First beach backpack: Rialto

Icy surf hits my sweaty, sizzling shins. Maybe I shouldn’t send my heart into defib by marching into the frigid Pacific. Dayum. This is cold. And supremely satisfying after slogging down the beach with a 60-lb pack. Tomorrow will be a minus tide, perfect for tidepooling. Now that camp has been set up, my only job is to enjoy expansive views while sipping Champagne, observing waves crash, then a spectacular sunset on sea stacks.
First look: the mouth of the Quillayute river and sea stacks

A long time ago, when I first tried backpacking, friends urged me to pack along the Washington coast. “It’s flat. And, you can bring all sorts of goodies since it’s a short hike in.” A bevy of silly reasons kept me from going until today. What was I thinking? I’ve been on far more serious trails than just beach sand. Easy.

It’s slated for 95 degrees in Seattle–time to leave the roasting city for the chilly coast. Not quite. I hadn’t noticed an abnormally hot forecast for Rialto Beach in Olympic National Park. From one oven to another. Wait. Why am I hiking while it’s this hot?

If you’ve been to Washington’s coast, you know how cold our end of the Pacific is. Normally, August is very cool and foggy. Today, it’s scorching. I’m wading in–an extreme rarity. You might recall in my adventure “Snorkeling with whale sharks (and not drowning)” my fear of open water. This polar dip is similarly unprecedented. And needed. Cold salt water acts like epsom salts and soothes raw, blistered feet. Ahhh.

Holy shit that’s cold–and theraputic

A mile hike on soft beach sand, wearing a giant pack, in reflective 90-degree heat, is not easy. Completely rethinking all I have lugged as my muscles cramp and sweat stings, I trudge on, hoping to see the sign for the wilderness camping boundary: a tiny creek. Only need a permit, ground tarp and bag. Mosquito netting. That’s about it. Sigh. I’ve brought a ton of (unnecessary) shit.


Just about that time, I see the creek. Jackpot. Next, suss out a choice site: scouting up and down the beach, I find The One. Setting up camp is quick.

Camp: next time, bring a tarp and line for shade, instead of a ton of other crap

Time to enjoy what I hauled: a cooler full of beverages, including vintage grower Champagne. Out comes the requisite packable wine glass. Ah, yes. That’s better. A little bubbly. Comfy seat. Surf at my feet. Perfect.

Because every camp should have grower Champ

Later, an afternoon picnic of salami, cheese, olives, crackers and fruit satisfies. Low tide allows exploration toward Hole in the Wall, then another hike to the car and back to jettison gear.
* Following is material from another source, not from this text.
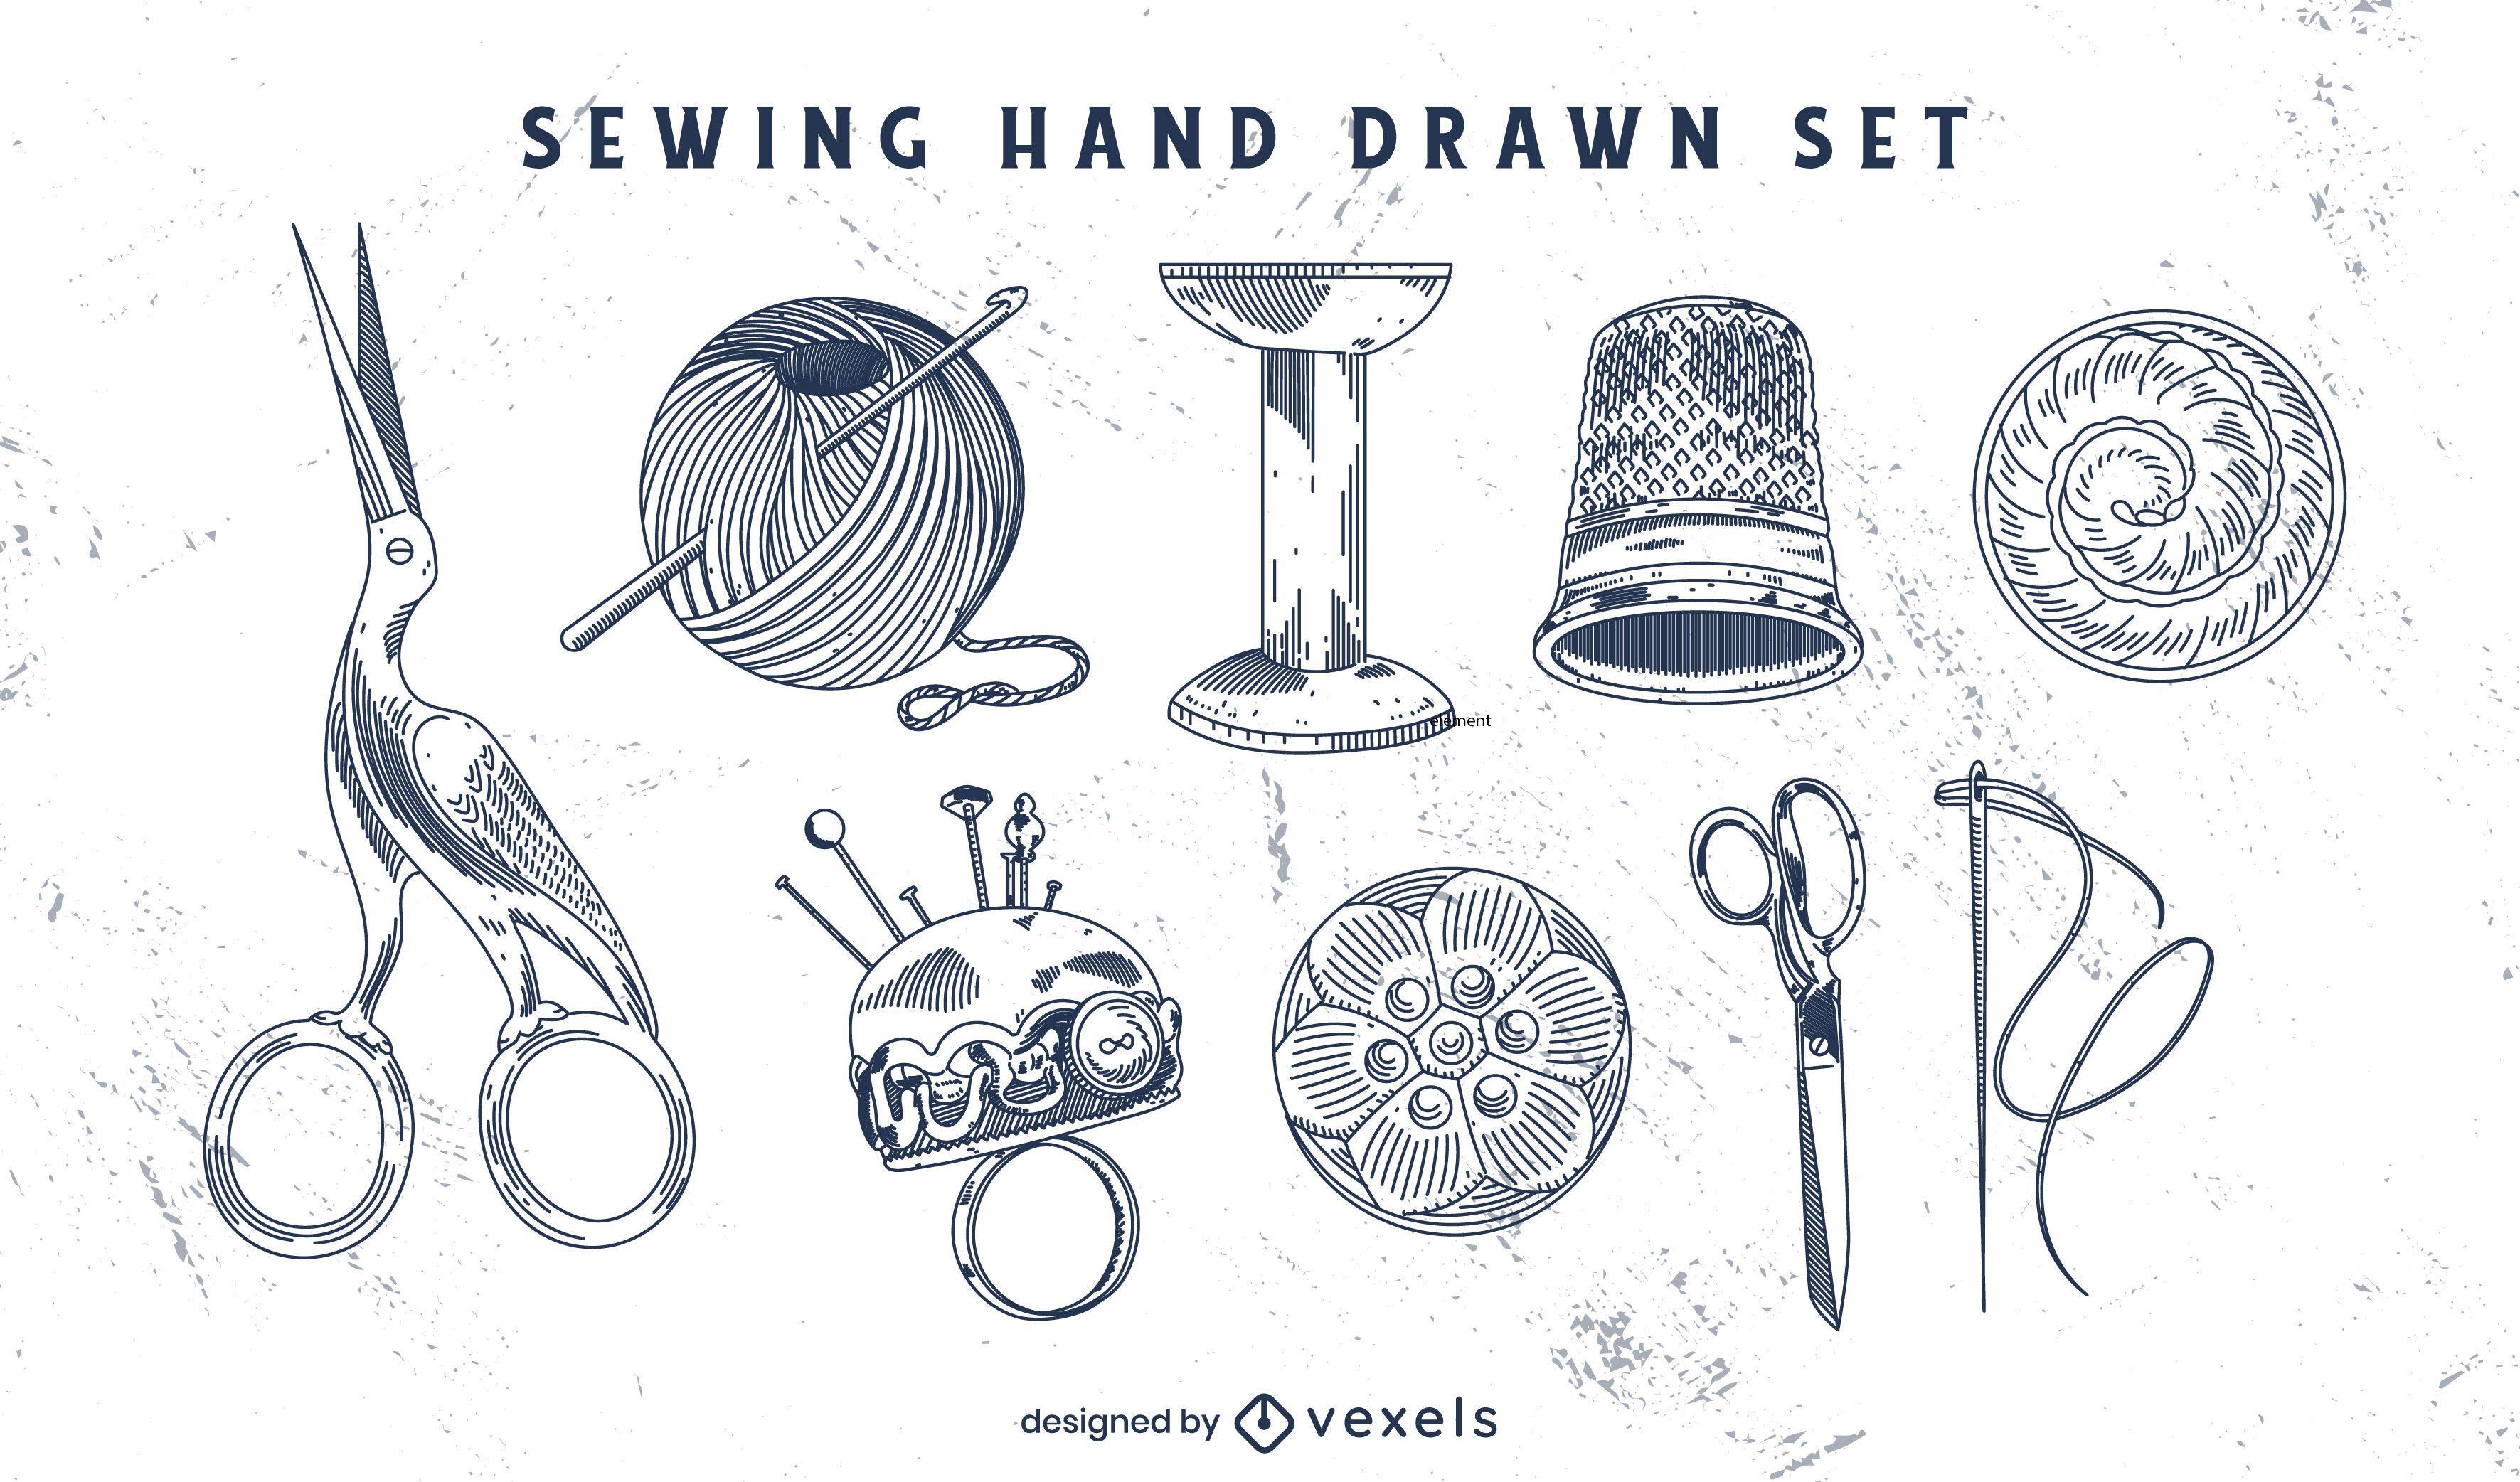 Sewing hand drawn elements set

Then more strolling in swirling biting seas without sandals, contemplating my navel. Listening to sand and gravel roll out with each wave. Time slows.

Hole in the wall
Anemones of the state
Rockin’ out
Nature’s texturizer
Erosion at its best
Thumbs up for great camping
Light, shadow, form


Sun sinking low over sea stacks

Hours pass. The sun sinks lower. It appears haze and clouds will form a gorgeous sunset. I have a front row seat. Many hikers pass by; most have that look: I want your site. They continue. Many excellent sites are past Hole in the wall. I’m grateful for early arrival, and a shorter hike. Time to settle in for sunset.

Tangerine dreams
Cotton candy skies
Rialto beach afterglow

After an incredibly long, multicolored afterglow, stars begin to twinkle. Then the Milky Way. Phosphorous in the surf. Amazing. It’s still quite warm and difficult to sleep. Better get some before the lowest tide–around 6A.M.

It’s 8:30A.M. And cool and foggy. Oops. Missed that low tide. Already coming back in. No matter. The plan was to hike out today, regardless. Lazing around camp, I spy rays cutting through misty spruce forests like LOTR. In a few minutes, it’s hot, humid, and buggy. Time to go.

Keep it secret, keep it safe


Thankfully, the walk back is easier knowing a comfy seat and beer await. Fog lingers over sea stacks near trailhead. I click the shutter again. Sigh. I have to leave? Wait. More opportunity for next time.

Olympic National Park is an amazing place, ranging from ocean to rainforest to mountains. Rialto Beach is located on the west side, near Forks, Washington. Backpacking is strictly regulated with permits and bear cans due to a history of incorrect food storage and overuse. Filtering all water is recommended or pack it in. Be a no-trace camper: if you pack it in, pack it out–including your used TP.